Agents trained with imitation learning on this data achieve state-of-the-art results, and more important, learn efficient object-search behavior from humans — peeking into rooms, checking corners for small objects, and turning in place to get a panoramic view.
None of these is exhibited as prominently by reinforcement learning (RL) agents, and enabling these types of behaviors in RL agents would require tedious, dense reward energy. It shows that for ObjectNav, a single human demonstration appears to be worth at least five agent-gathered ones from RL.Read the paper here.
When it comes to training AI to find objects, most embodied AI advancements work well on separate, well-defined tasks based on goal type (e.g., “find an object,” “navigate to a room”) or modality (e.g., text, audio). But to work well in the dynamic real world, agents need to adapt their skills on the fly without resource-intensive maps or lengthy retraining processes. In a first-of-its-kind zero-shot experience learning (ZSEL) framework, our model is trained once to capture the essential skills for semantic visual navigation and then applied to different target tasks without additional retraining in a 3D environment.
ZSEL works using a general-purpose semantic search policy that captures the essential navigation skills. This policy is trained by searching for image-goals, where an agent receives a picture taken from a random location in the environment and must travel to find it. Our approach requires up to 12.5x less training data and has up to a 14 percent better success rate than the state of the art in transfer learning. Over five navigation tasks, our ZSEL method saves more than 500 million training interactions and about six weeks of GPU compute required by the task-specific policies learned from scratch.Read the paper here.
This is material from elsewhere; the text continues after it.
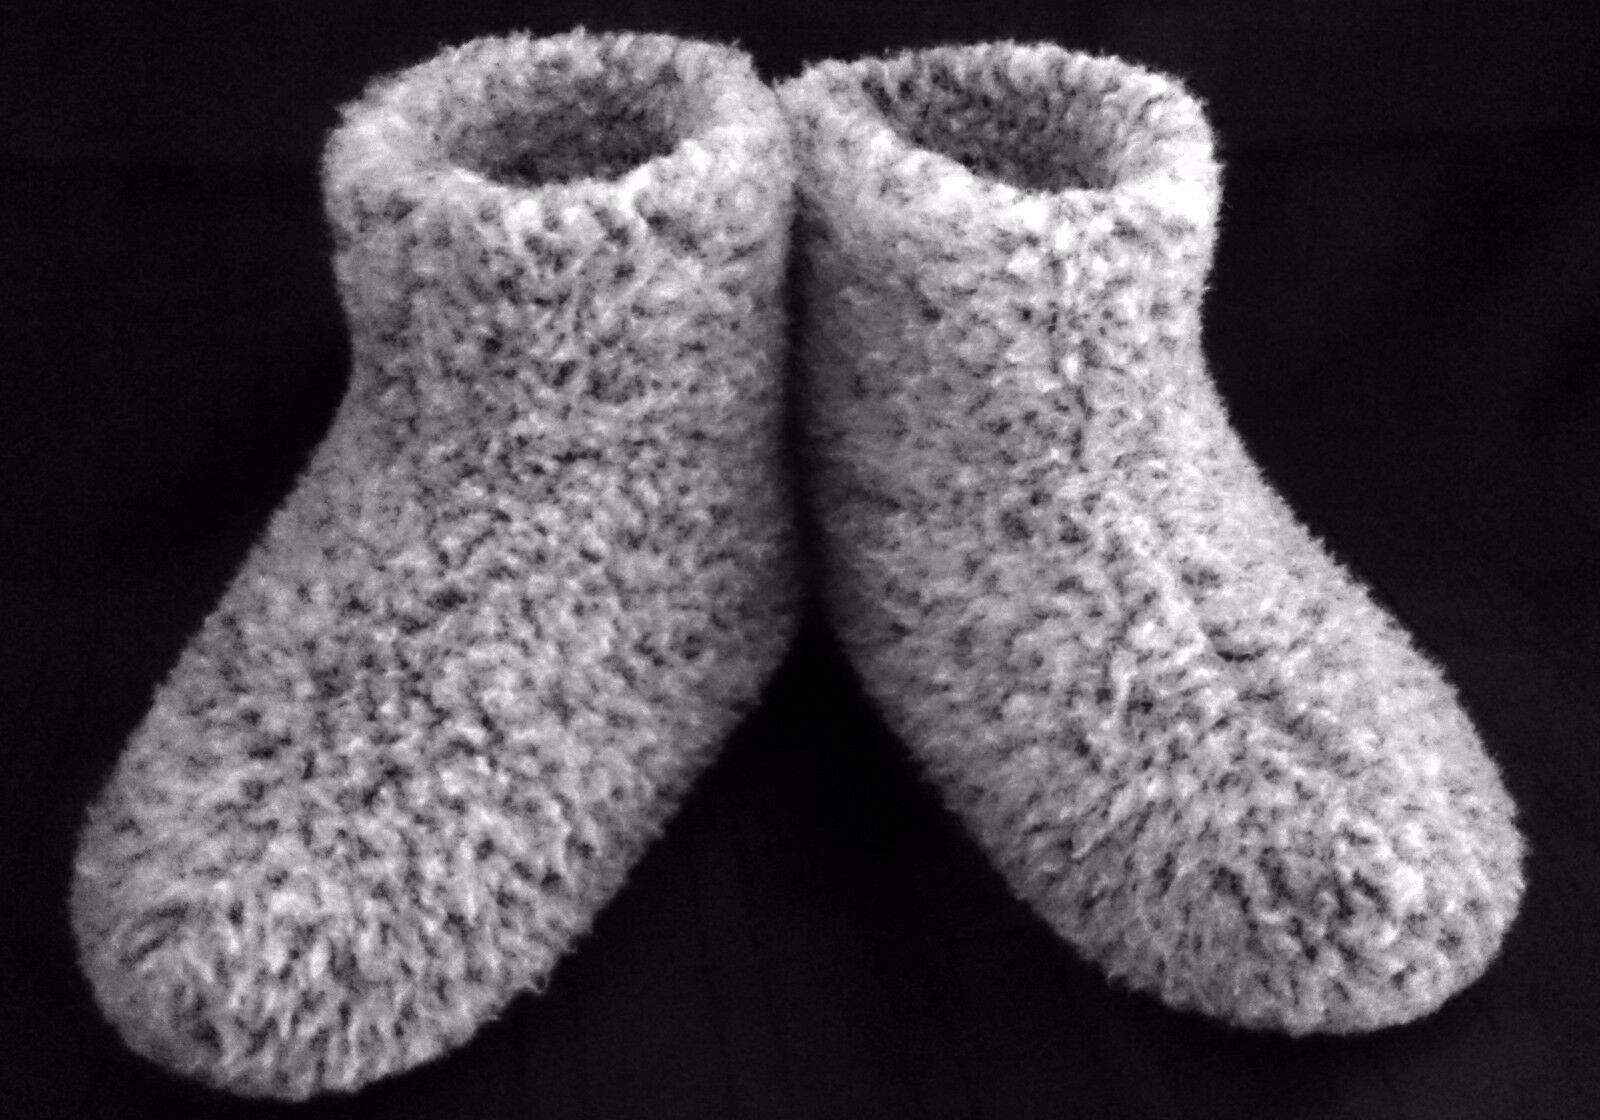 Size 10.5 - GREY - MEN'S MERINO WOOL BOOTS WARM COZY SLIPPERS MOCCASINS CHUNI

RL has been the predominant method of training virtual embodied agents, but this method notoriously requires significant computational resources and time for learning. We’ve figured out a new method to train object-goal navigation policies more efficiently than prior work while incurring up to 1,600x less computational cost for training via experiments on Gibson and Matterport3D. We do this using Potential Functions for ObjectGoal Navigation with Interaction-free Learning (PONI), a new paradigm for learning modular ObjectNav policies that disentangles the object search skill (i.e., where to look for an object) and the navigation skill (i.e., how to navigate to X, Y).
Our key insight is that “where to look?” can be treated purely as a perception problem and learned without interactions. Our network predicts two complementary potential functions conditioned on a semantic map and uses them to decide where to look for an unseen object. PONI not only improves over the state of the art for this task but also makes it significantly easier for researchers to achieve this. Read the paper here.
In the near future, we’ll work on pushing these advancements from navigation to mobile manipulation to build agents that carry out specific tasks, like “find my wallet and bring it back to me.”
We’ll also tackle a host of new exciting challenges: How does this work in simulations carry over to physical robots? How can an embodied agent learn in a self-supervised manner without any human involvement in the form of reward engineering, demonstrations, or 3D annotations? And how do we scale simulation to the next order of magnitude of simulation and learning speed?